I’m having problems with structs, and my clang-generated module seems to define the struct as I’d expect, but functions that either take this struct as an arg, or return it seem to fall apart.

I have:

typedef struct {
uint32_t value;
uint32_t carryOut;
uint32_t overflow;
} CarryOp_Result;

This was once upon a time defined at the top of the module as { i32, i32, i32 } as expected, but I’ve since changed things and now thats not emitted in my runtime.bc anymore. I guess it’s not used/needed.

I also have a function in this runtime.bc module:
CarryOp_Result addWithCarry( a, b, carryIn);

Which is defined to return { i64, i32 }. I suspect this is because clang knows the ABI of my host PC and bakes the calling convention into the IR (x86_64-apple-darwin11.4.2). I know enough not to expect to be able to use the same .bc on different arches for reasons such as this, at least :slight_smile:

Because two struct fields are merged, it’s not trivial to get the one I’m interested in. Even if I do emit the required masks and shifts, what if it all changes tomorrow when I want this to work after recompiling everything for say, 32b Linux, or ARM with a different calling convention?

So I had the bright idea to add some accessors to the runtime, which I could feed with the LLVMValue I have, regardless of the actual representation. This way for a given compile of the runtime everything would be self-consistent and “just work”, neatly sidestepping struct ABI packing issues …
uint32_t carryOpValue(CarryOpResult r) { return r.value; }

… or so I thought, anyway. This actually generates:
define i32 @CarryOpValue(i64 %v.coerce0, i32 %v.coerce1) #0 { … }

which takes two arguments, where I expected a single { i64, i32 } argument.

So now, even for my jit to emit
LLVMValueRef sum = CarryOpValue(addWithCarry(a, b, c));

The call site needs to know to unpack the single LLVMValue (representing the struct) into two arguments, in order to pass them to the accessor. So still I need to poke around in the innards of the struct, still knowing how the compiler felt like packing the struct on a given platform.

Is there a way I can have Clang simply use {i32, i32, i32} for that struct in a way that GEP/ExtractValue with indices 0, 1, 2 reliably works as expected?

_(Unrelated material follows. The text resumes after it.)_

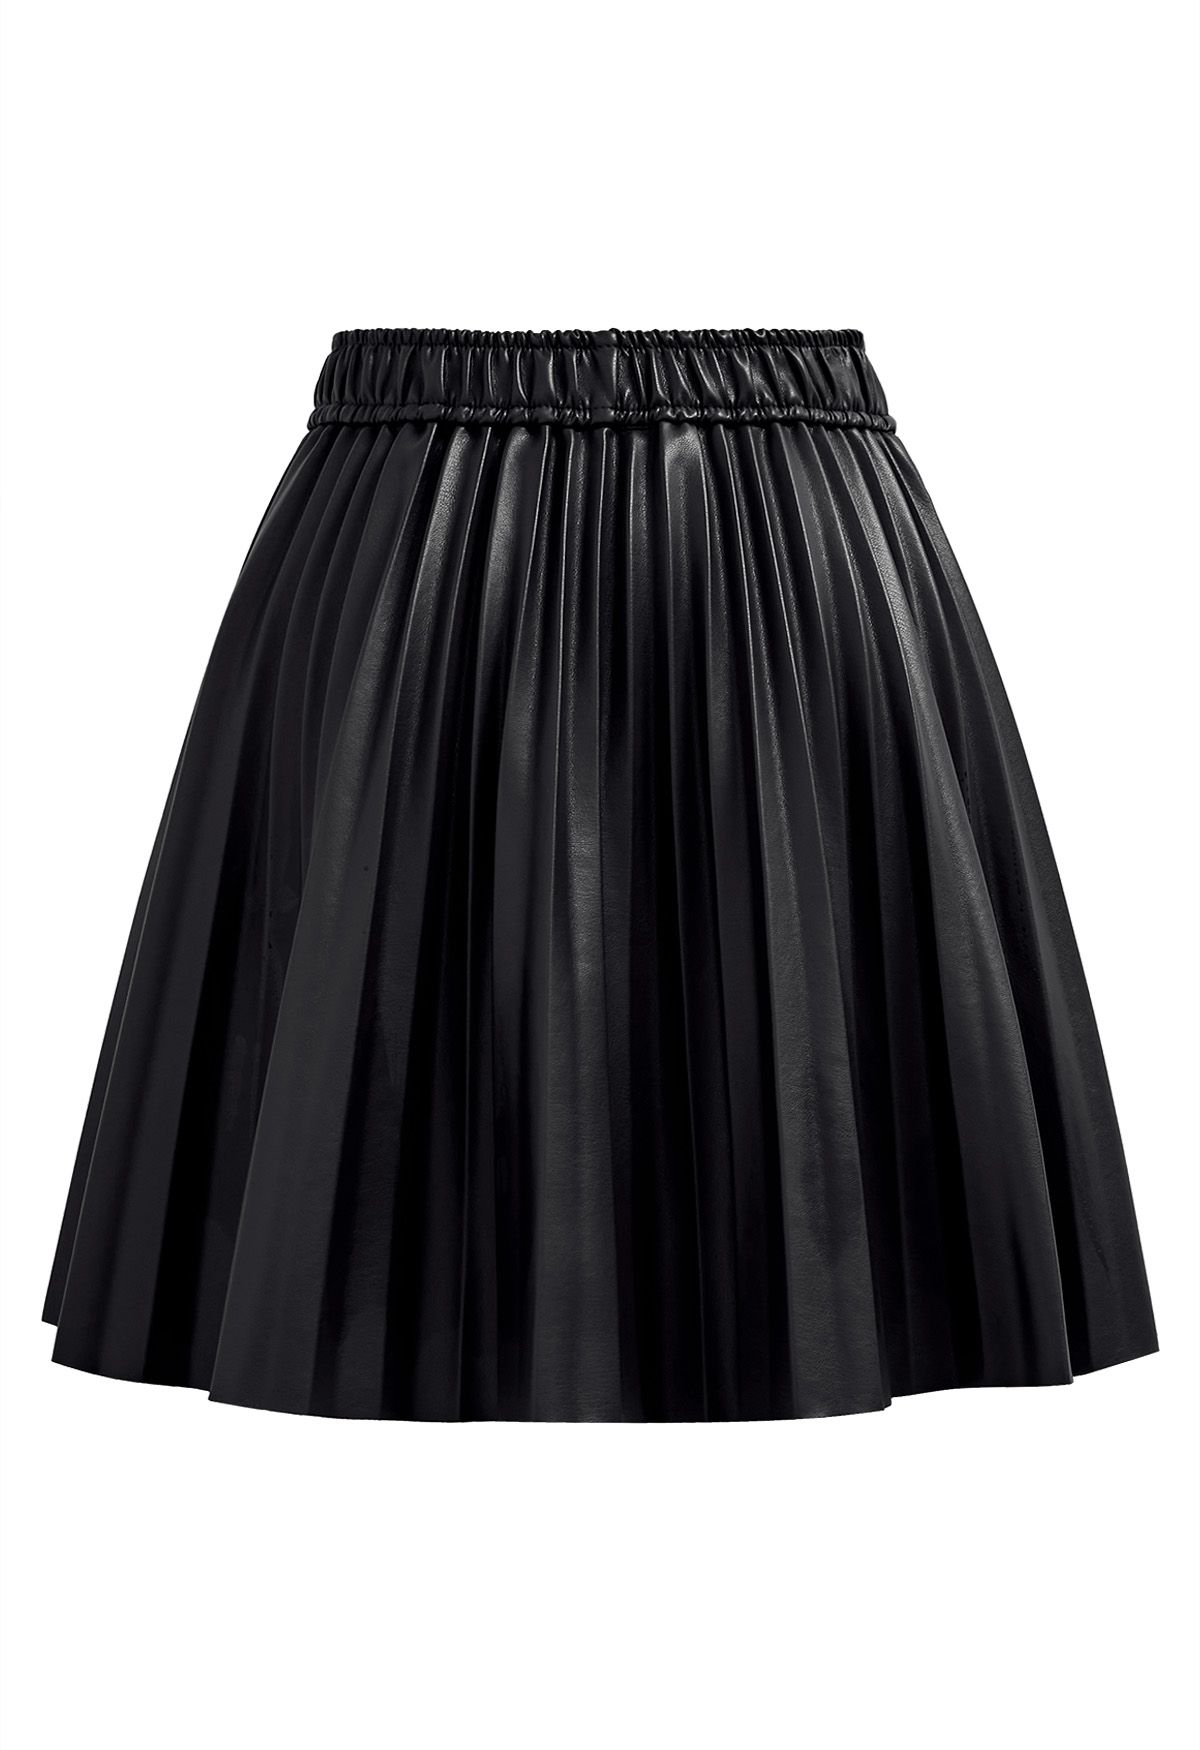 Faux Leather Pleated Mini Skirt in Black - Retro, Indie and Unique Fashion

Alternatively, could I cast between {i64, i32} and {i32, i32, i32} in a reliable way, would that be safe?
Or any other solution?

If worse comes to worst, I can end up writing addWithCarry either by hand or with the builder API to do exactly what I want, but that’s annoying enough to be the reason I went down the “runtime-module full of helpers” path in the first place and have clang do the annoying work for me!

Thanks in advance,
DavidM

Which is defined to return { i64, i32 }. I suspect this is because clang
knows the ABI of my host PC and bakes the calling convention into the IR
(x86_64-apple-darwin11.4.2). I know enough not to expect to be able to use
the same .bc on different arches for reasons such as this, at least :slight_smile:

Yup.

Because two struct fields are merged, it's not trivial to get the one I'm
interested in. Even if I do emit the required masks and shifts, what if it
all changes tomorrow when I want this to work after recompiling everything
for say, 32b Linux, or ARM with a different calling convention?

You'd have to re-compile the whole thing to a different arch. This is
a know issue and have somewhat been designed that way.

The complexity of implementing all that in the back-ends would be too
huge (at least a huge change, now), to do so effectively. Maybe with
some refactoring going on the selection dag, etc we might get that
streamlined, but I wouldn't hold my breath.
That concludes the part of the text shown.